Each node in the graph has a node attribute ``'community'`` that
stores the community (that is, the set of nodes) that includes
it.
Raises
------
NetworkXError
If any of the parameters do not meet their upper and lower bounds:
- ``tau1`` and ``tau2`` must be less than or equal to one.
- ``mu`` must be in [0, 1].
- ``max_degree`` must be in {1, ..., *n*}.
- ``min_community`` and ``max_community`` must be in {0, ...,
*n*}.
If not exactly one of ``average_degree`` and ``min_degree`` is
specified.
If ``min_degree`` is not specified and a suitable ``min_degree``
cannot be found.
ExceededMaxIterations
If a valid degree sequence cannot be created within
``max_iters`` number of iterations.
If a valid set of community sizes cannot be created within
``max_iters`` number of iterations.
If a valid community assignment cannot be created within ``10 *
n * max_iters`` number of iterations.
Examples
--------
Basic usage::
>>> from networkx.algorithms.community import LFR_benchmark_graph
>>> n = 250
>>> tau1 = 3
>>> tau2 = 1.5
>>> mu = 0.1
>>> G = LFR_benchmark_graph(n, tau1, tau2, mu, average_degree=5,
... min_community=20, seed=10)
Continuing the example above, you can get the communities from the
node attributes of the graph::
>>> communities = {frozenset(G.nodes[v]['community']) for v in G}
Notes
-----
This algorithm differs slightly from the original way it was
presented in [1].
1) Rather than connecting the graph via a configuration model then
rewiring to match the intra-community and inter-community
degrees, we do this wiring explicitly at the end, which should be
equivalent.
2) The code posted on the author's website [2] calculates the random
power law distributed variables and their average using
continuous approximations, whereas we use the discrete
distributions here as both degree and community size are
discrete.
Though the authors describe the algorithm as quite robust, testing
during development indicates that a somewhat narrower parameter set
is likely to successfully produce a graph.
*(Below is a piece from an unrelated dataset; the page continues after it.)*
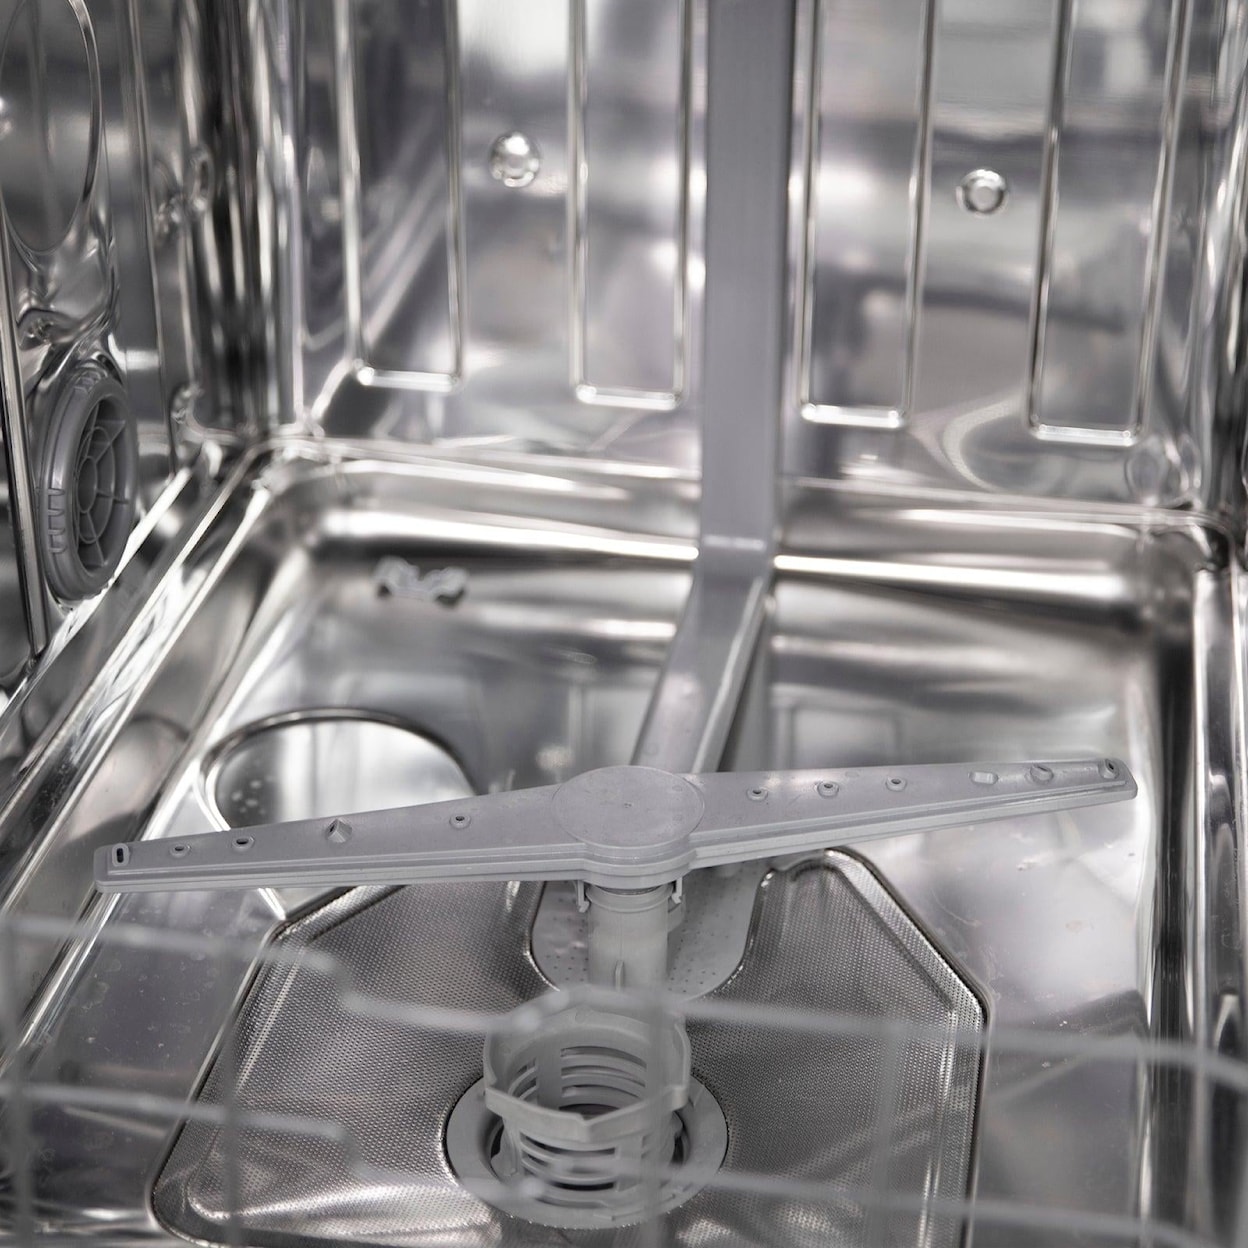 Avanti Dishwashers Dishwasher

Some suggestions have
been provided in the event of exceptions.
References
----------
.. [1] "Benchmark graphs for testing community detection algorithms",
Andrea Lancichinetti, Santo Fortunato, and Filippo Radicchi,
Phys. Rev. E 78, 046110 2008
.. [2] http://santo.fortunato.googlepages.com/inthepress2
"""
# Perform some basic parameter validation.
if seed is not None:
random.seed(seed)
if not tau1 > 1:
raise nx.NetworkXError("tau1 must be greater than one")
if not tau2 > 1:
raise nx.NetworkXError("tau2 must be greater than one")
if not 0 <= mu <= 1:
raise nx.NetworkXError("mu must be in the interval [0, 1]")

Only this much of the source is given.